Notes on ORA gold standards paper - bcb420-2024/Dien_Nguyen GitHub Wiki
Ludwig Geistlinger, Gergely Csaba, Mara Santarelli, Marcel Ramos, Lucas Schiffer, Nitesh Turaga, Charity Law, Sean Davis, Vincent Carey, Martin Morgan, Ralf Zimmer, Levi Waldron, Toward a gold standard for benchmarking gene set enrichment analysis, Briefings in Bioinformatics, Volume 22, Issue 1, January 2021, Pages 545–556, https://doi.org/10.1093/bib/bbz158
- Two predominantly used enrichment methods:
- Overrepresentation analysis (ORA): disproportionately many genes of significant expression change, only analyze genes that pass DE threshold.

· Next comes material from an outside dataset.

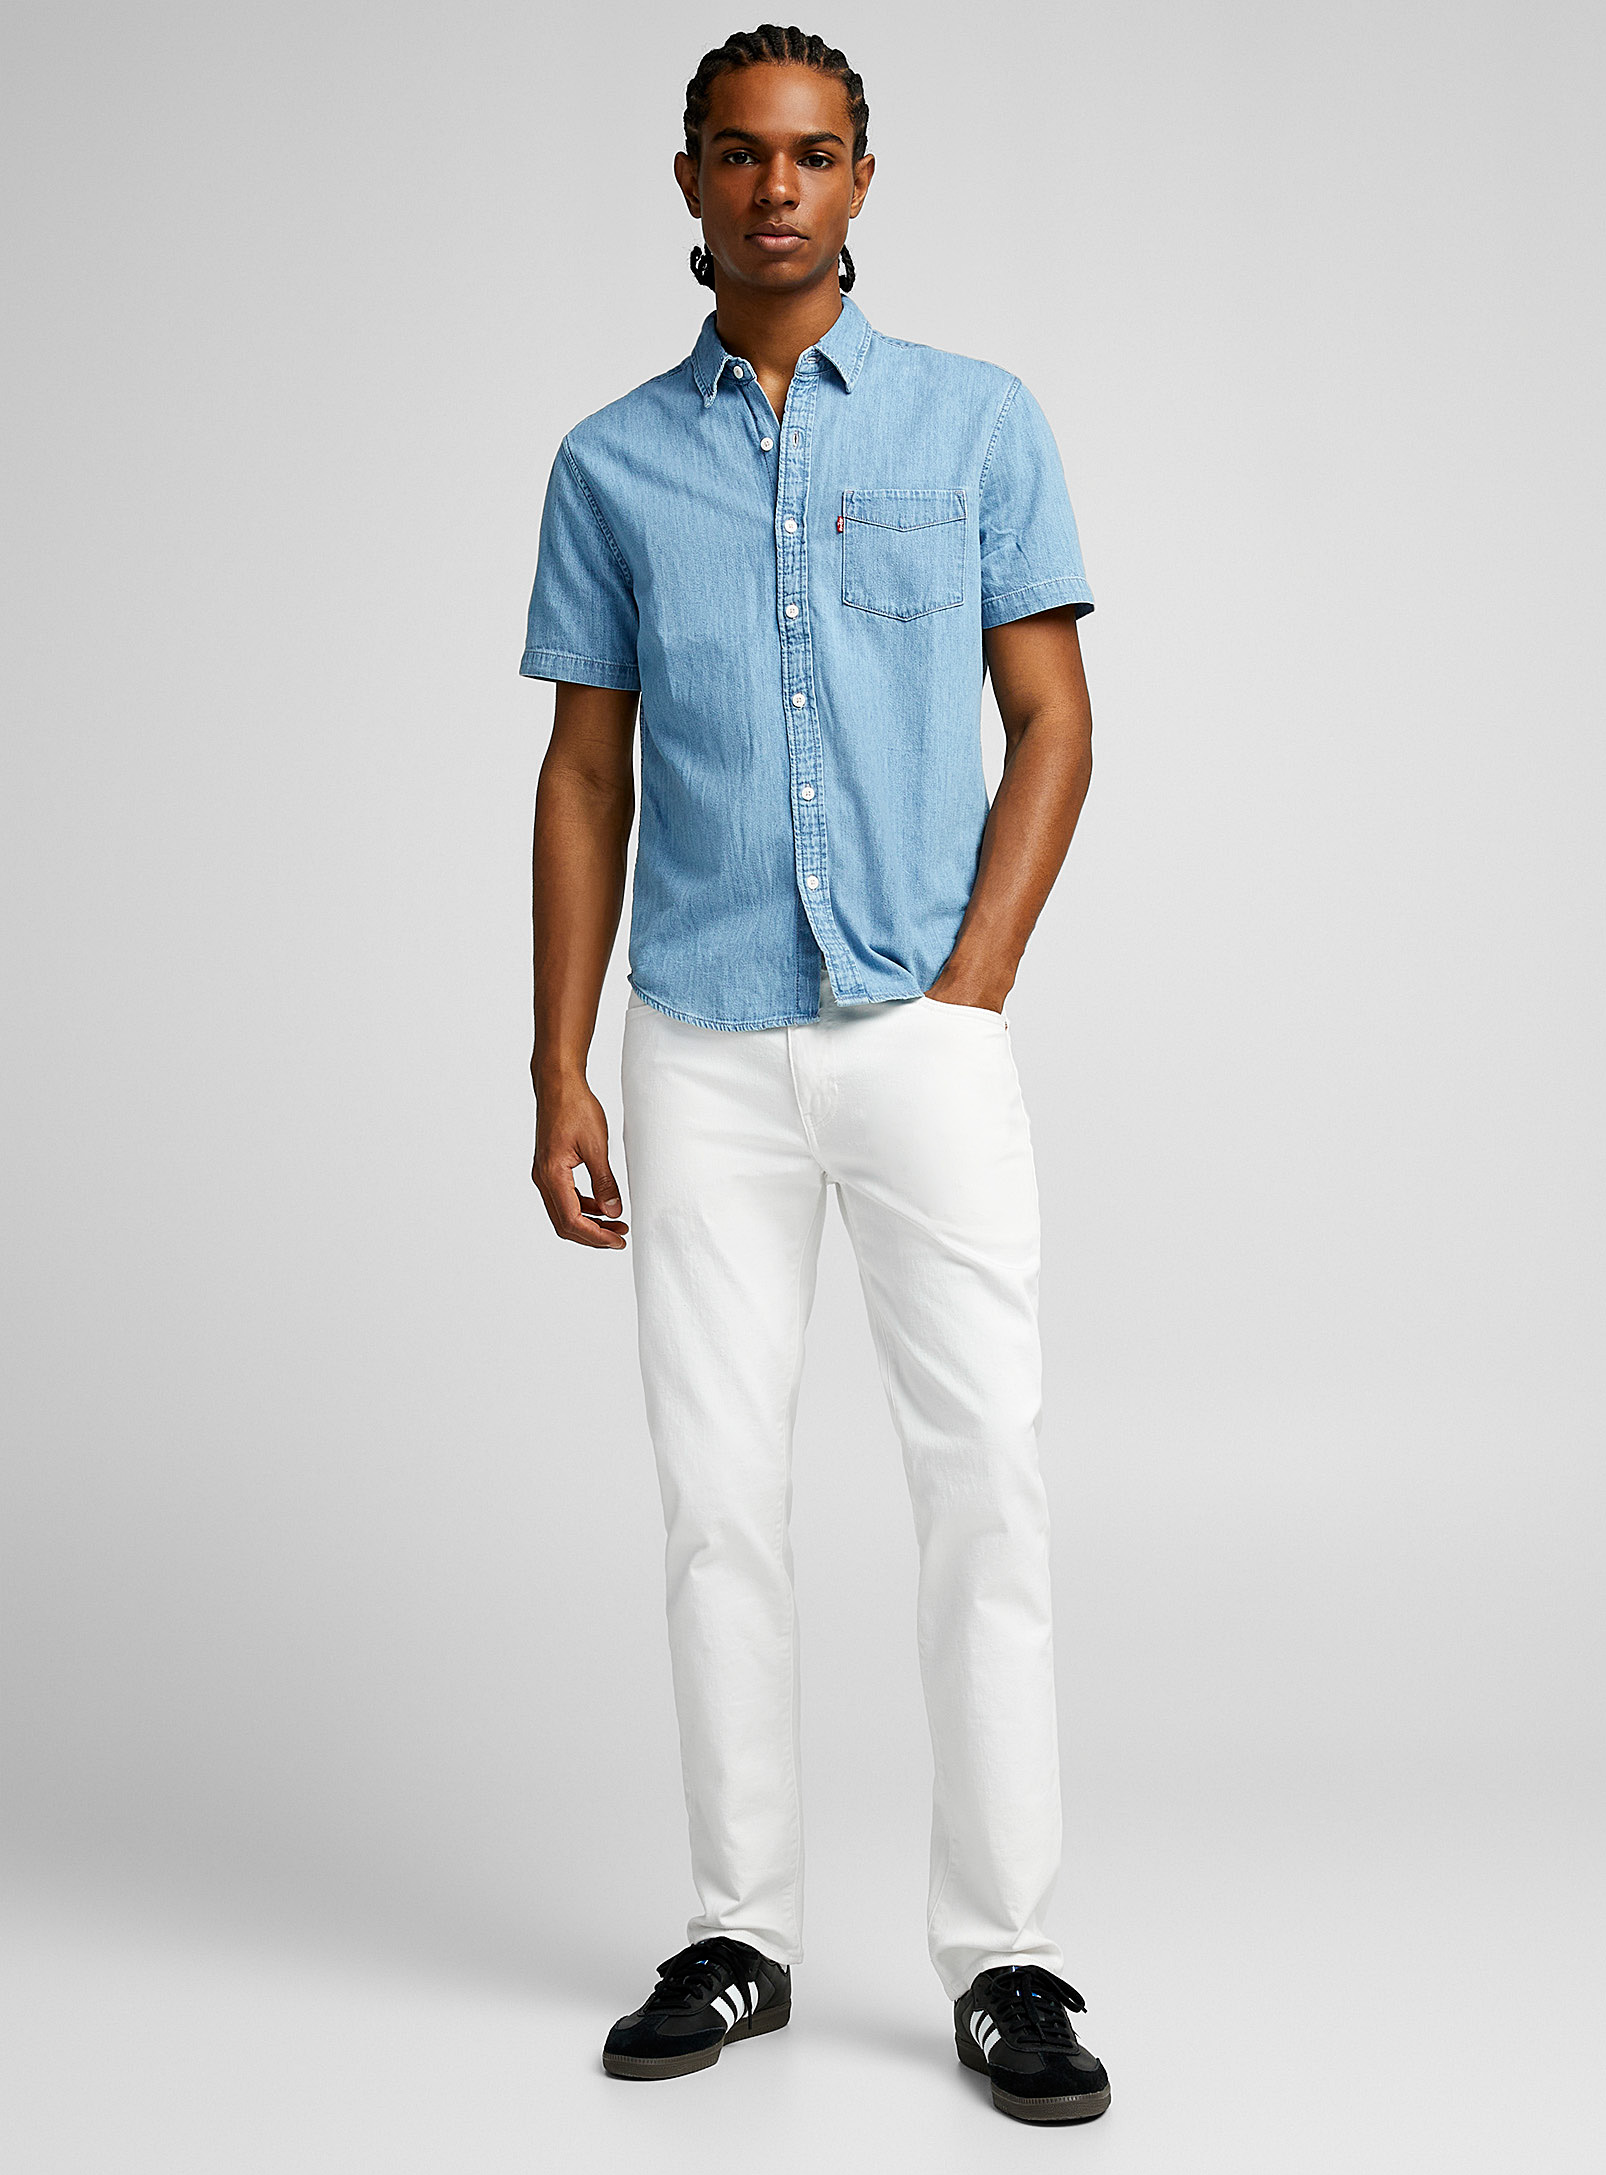 Levi's - Le jean extensible blanc pur Coupe étroite

- Gene set enrichment analysis (GSEA): genes accumulate at top/bottom of full gene vector ordered by direction and magnitude of change. Compute DE scores for all, then compute gene set scoring
- Network-based methods: evaluate measures of DE in context of known interactions
- An R/Bioconductor package which implements an executable benchmark framework fo systematic and reproducible assessment of gene set enrichment methods
- Goal: quantitative assessment of EA methods/algos, not tools
- Considers runtime and statistical significance.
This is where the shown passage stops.